今回の件は、単なるSNSの炎上では済まない深刻な法的問題を抱えています。

  • 1. 資金決済法違反(無登録営業)
    サナエトークンはDEX(分散型取引所)で取引可能であり、運営が保有分を売却して利益を得る設計は、日本の暗号資産交換業の登録が必要です。無登録であれば刑事罰の対象になります。
  • 2. パブリシティ権の侵害
    現職首相の氏名やイラストを無断で商業利用することは、その経済的価値を侵害する行為です。免責事項に「提携していない」と書いてあっても、デザイン全体が誤認を誘発していれば言い逃れは難しいでしょう。
  • 3. 不法行為(民法709条)
    「高市氏サイドと連絡を取っている」という虚偽の(あるいは誇張された)発言によって投資家が購入を決めた場合、損害賠償の対象となる可能性があります。

「トカゲの尻尾切り」? 突如現れた責任者

3月3日には、松井健(neu Ken Matsui)氏と名乗る人物が「責任者」として謝罪文を出しました。しかし、これまで溝口氏が前面に出ていたこともあり、ネット上では「人柱を立てただけではないか」「トカゲの尻尾切りだ」といった冷ややかな見方が大勢を占めています。

Web3と政治の危うい境界線

「民意を政策に届ける」というコンセプト自体は立派ですが、そこに「現職首相のブランド」を無断で借りるというショートカットを選んだことが、今回の致命的なミスと言えるでしょう。

政治×Web3の可能性を信じていたユーザーにとっても、非常に残念なニュースとなりました。金融庁の調査が今後どう進むのか、注視が必要です。

まとめ:Web3という名の「有名人ガチャ」

「Web3で民主主義をアップデート」なんて、耳ざわりのいい言葉を並べ立てた結果がこれ。結局のところ、やっていることは「勝手に名前を拝借した有名人商法」という、驚くほど昭和なやり口でした。

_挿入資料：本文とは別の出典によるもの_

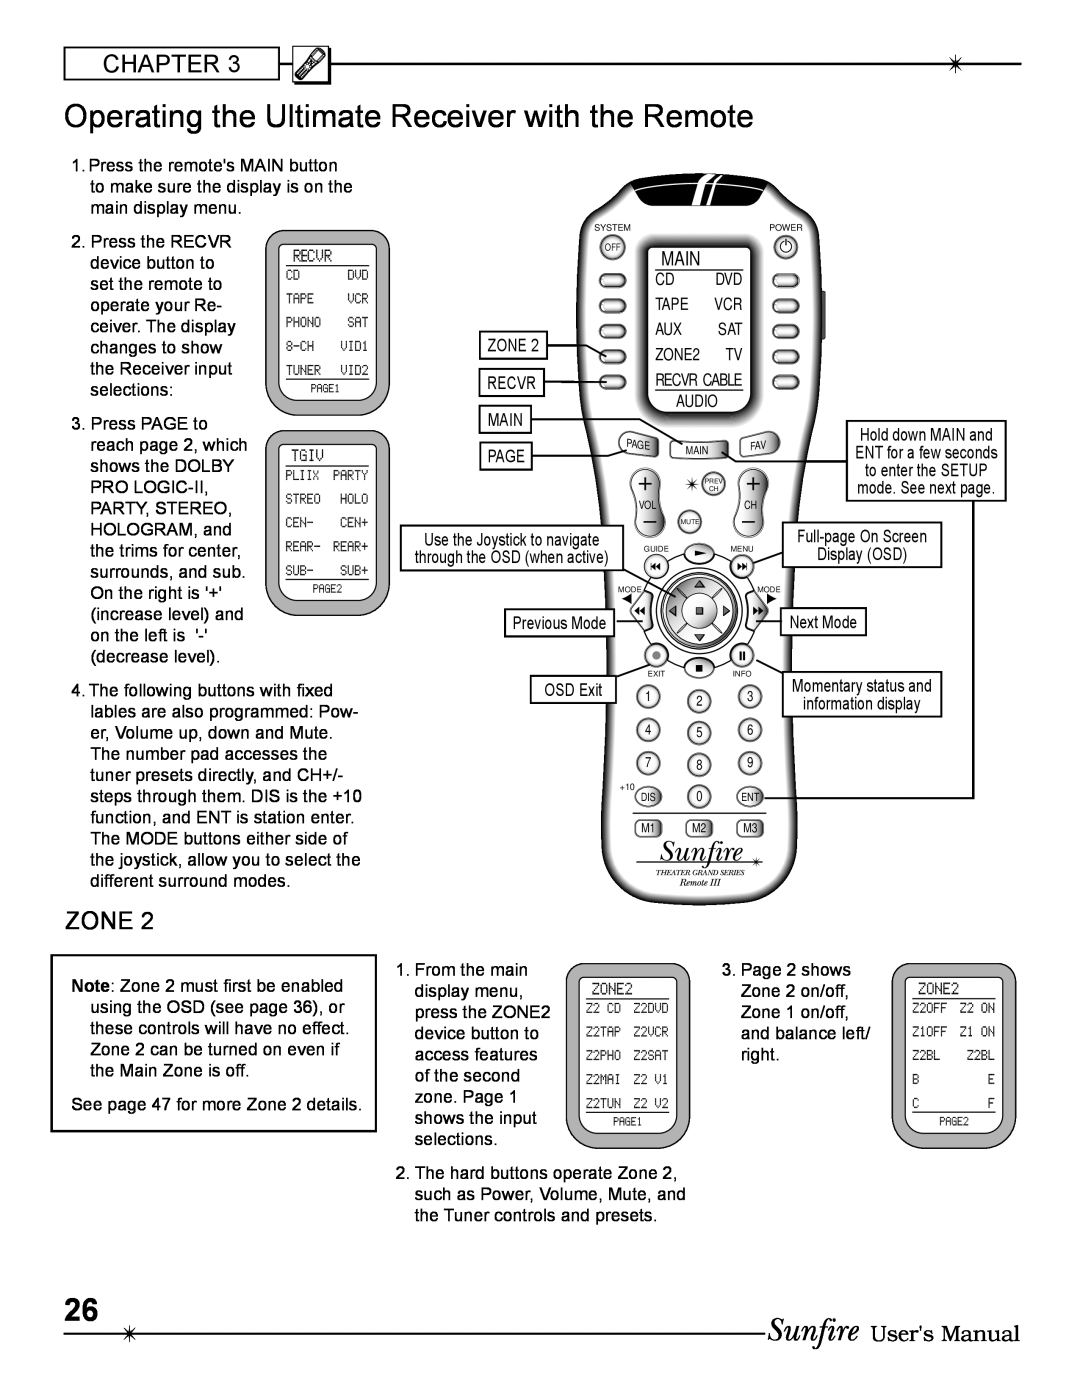 Sunfire Radio manual Operating the Ultimate Receiver with the Remote, Chapter, Zone, Main 
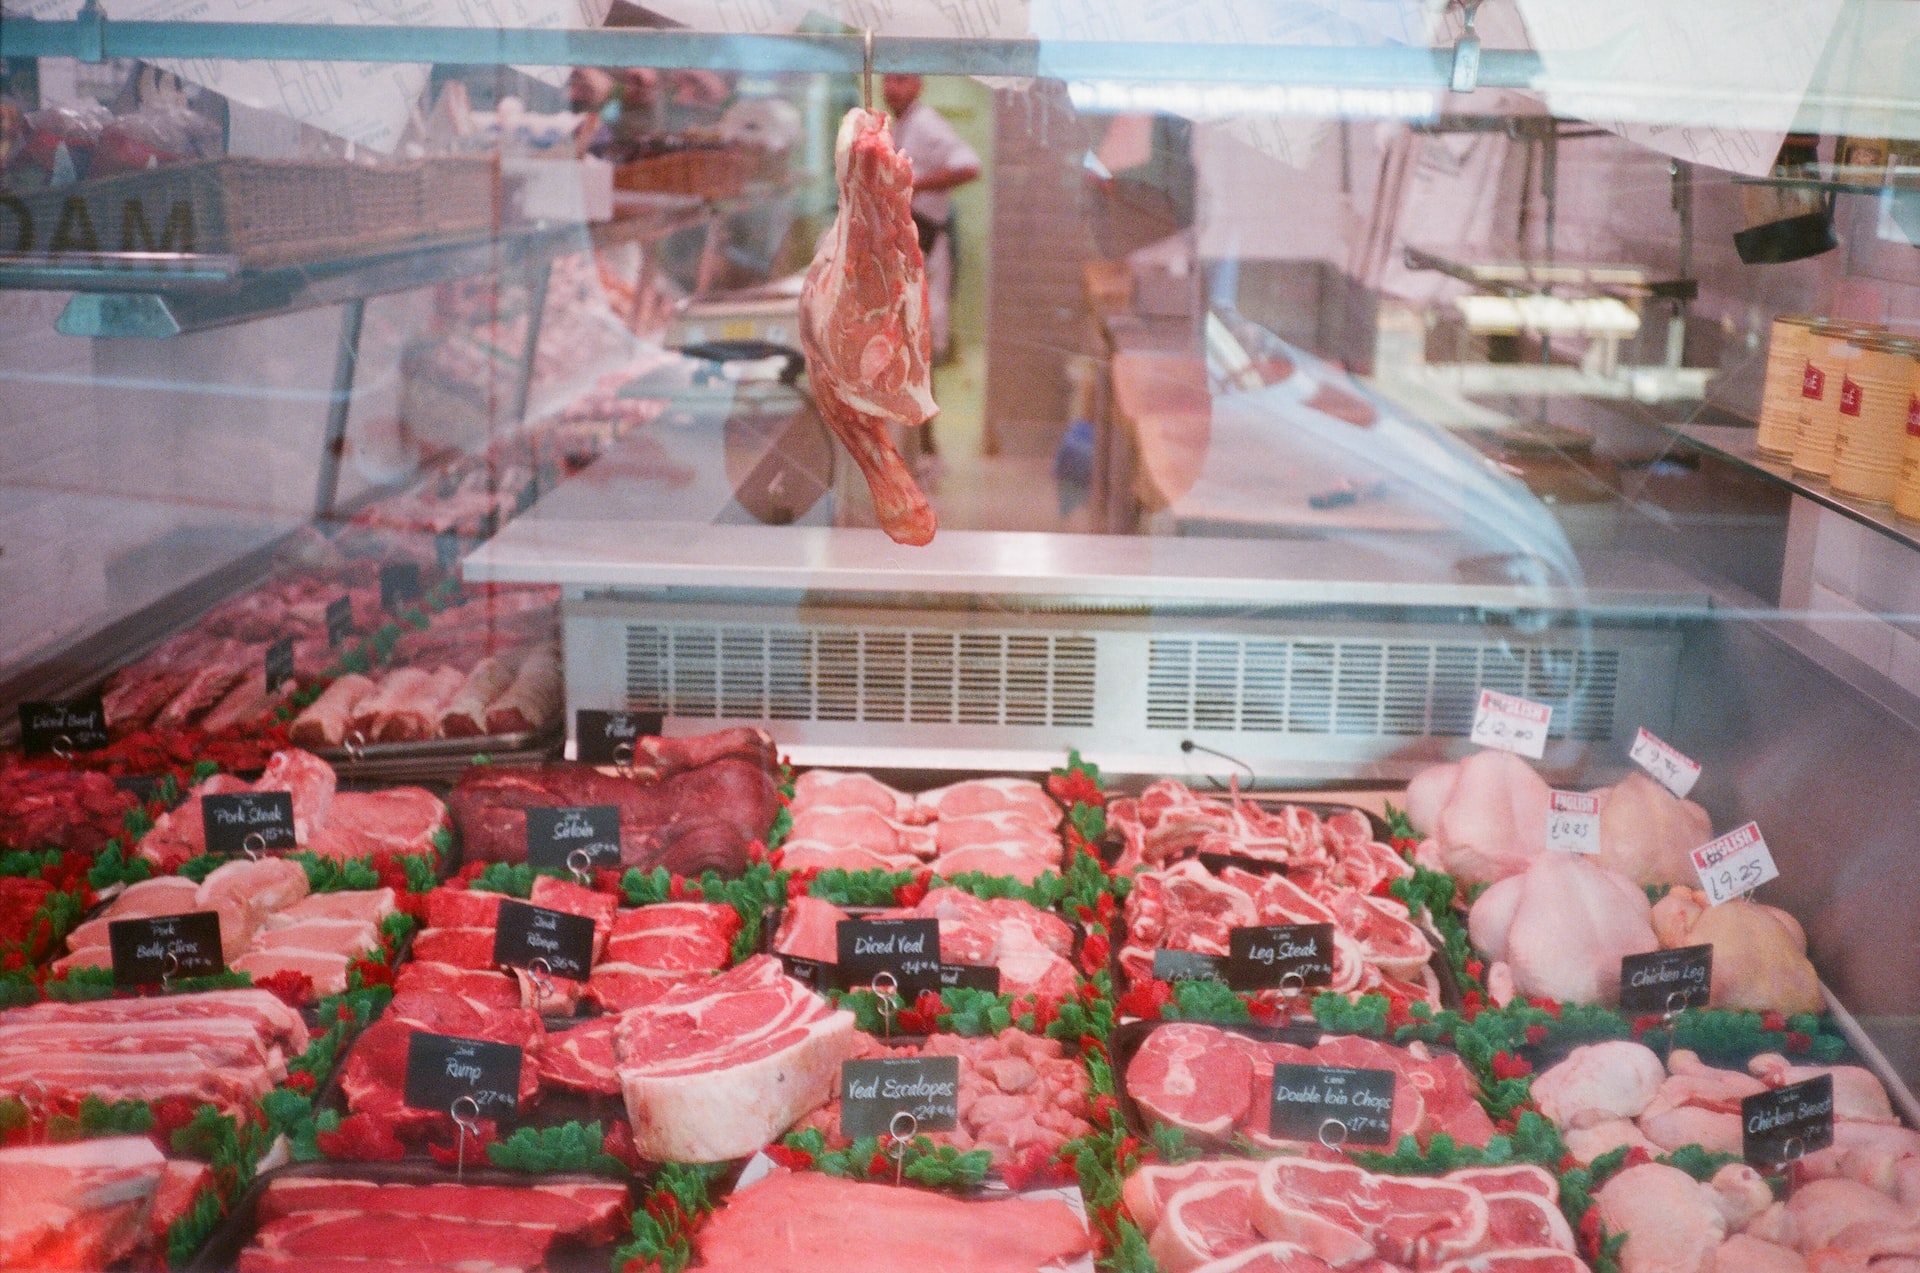 Red meat in store butcher shop

インフルエンサー界隈の「とりあえず盛り上げて、ヤバくなったら動画を消す」というムーブも、今回は相手が国家権力のトップ、しかも現職首相。さすがに「ノリでした」では済まされない領域に踏み込んでしまったようです。

「高市さんとコミュニケーションを取っている」という発言が本当だったのか、それともただの“願望”だったのか。どちらにせよ、突如現れた「責任者」の松井さんが、無事にトカゲの尻尾としての役割を全うできるのか、あるいは金融庁という大きな波に飲み込まれるのか。

この騒動、Web3の未来を語る前に、まずは「大人のコンプライアンス」から学び直したほうがよさそうですね。